What the task asks: Set down a true copy of the data, with all pictures left out.

Dataset extract:
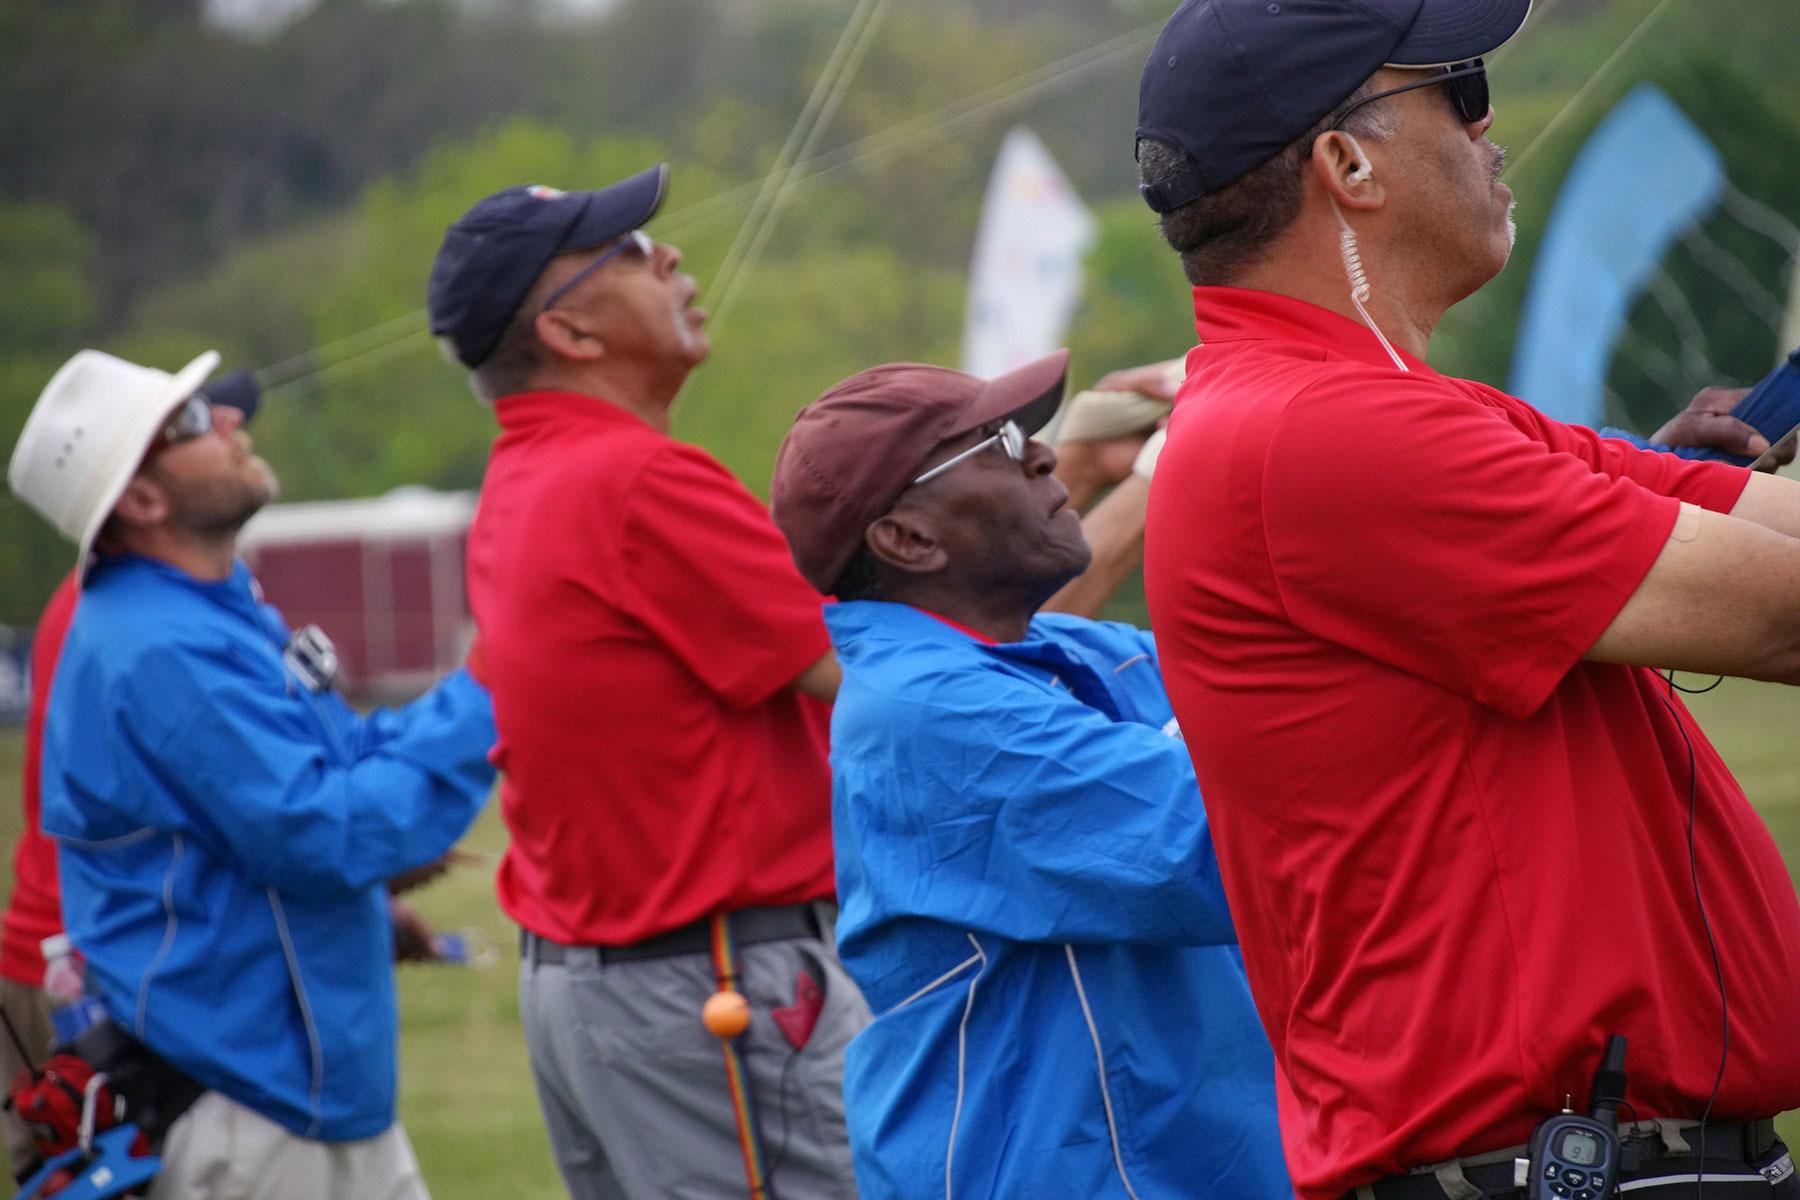 photo essay sky dancing kites the milwaukee independent 052816 kitefest 1697
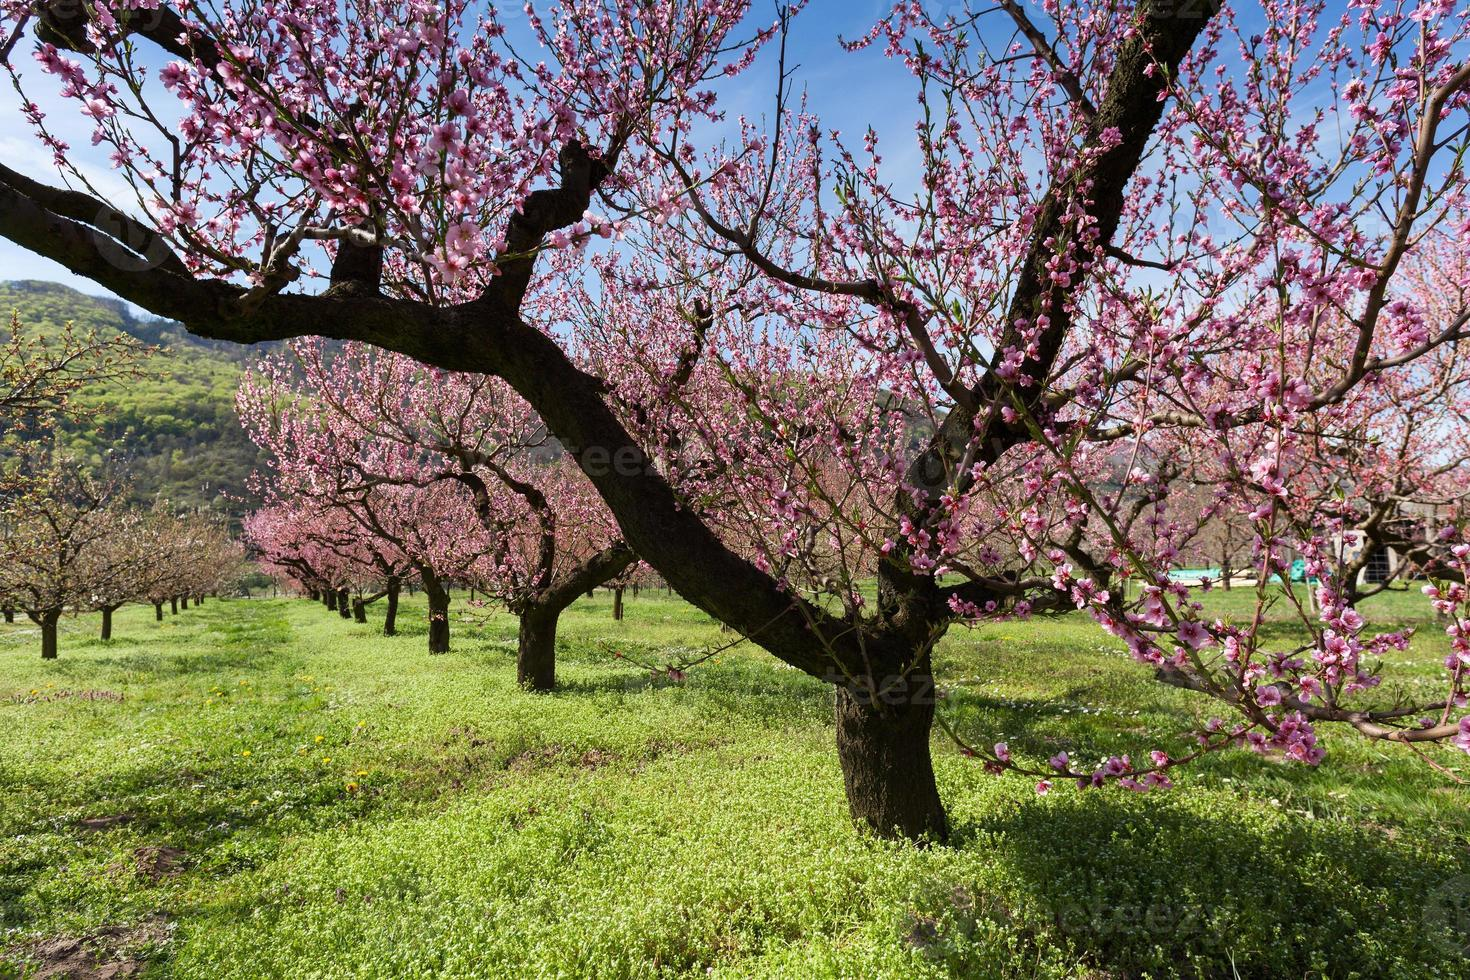 Peach blossoms photo
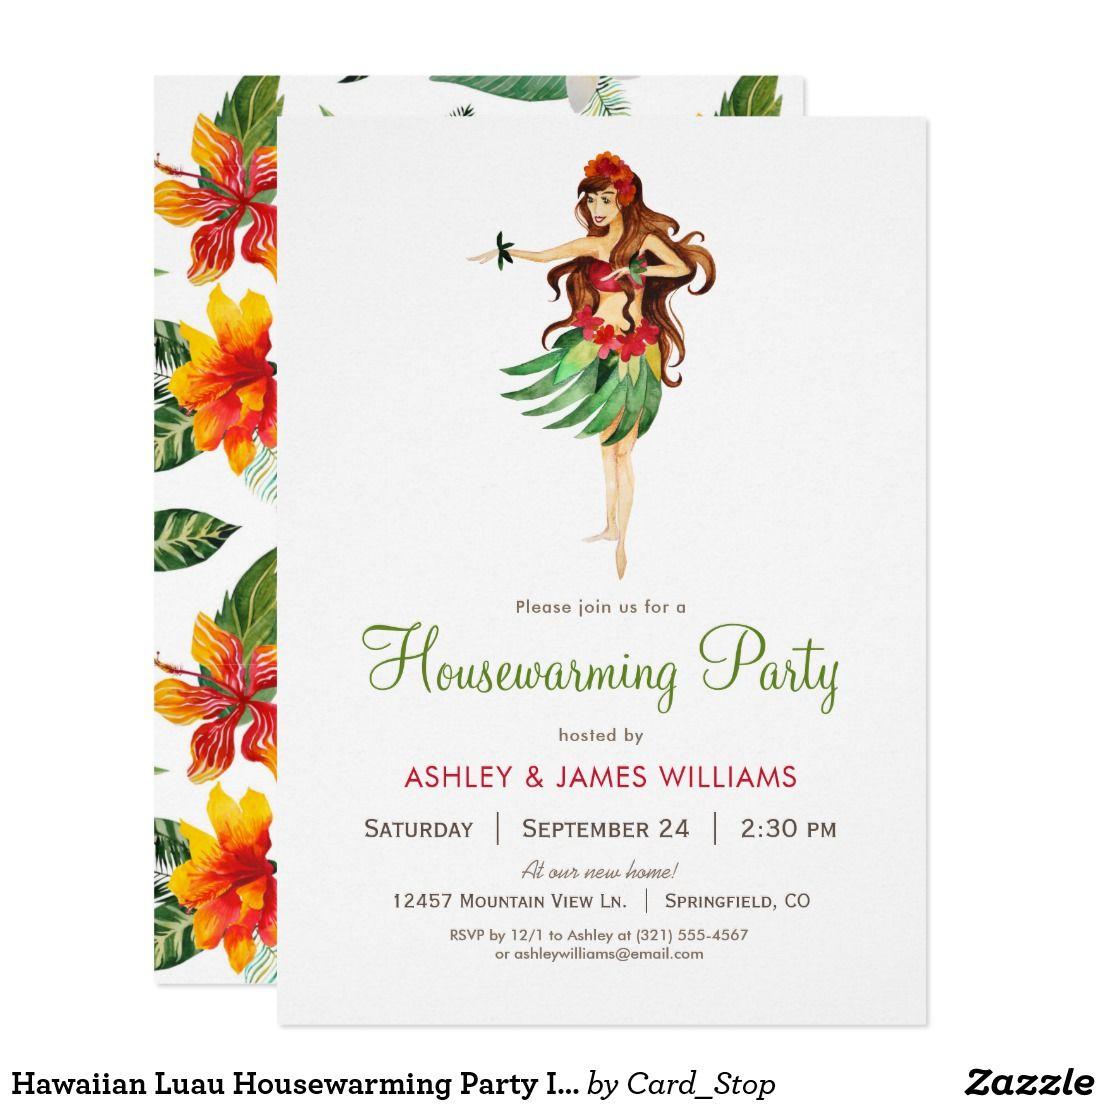 Hawaiian Luau Housewarming Party Invitation Products I Admire

Result below:
 photo essay sky dancing kites the milwaukee independent 052816 kitefest 1697
 Peach blossoms photo
 Hawaiian Luau Housewarming Party Invitation Products I Admire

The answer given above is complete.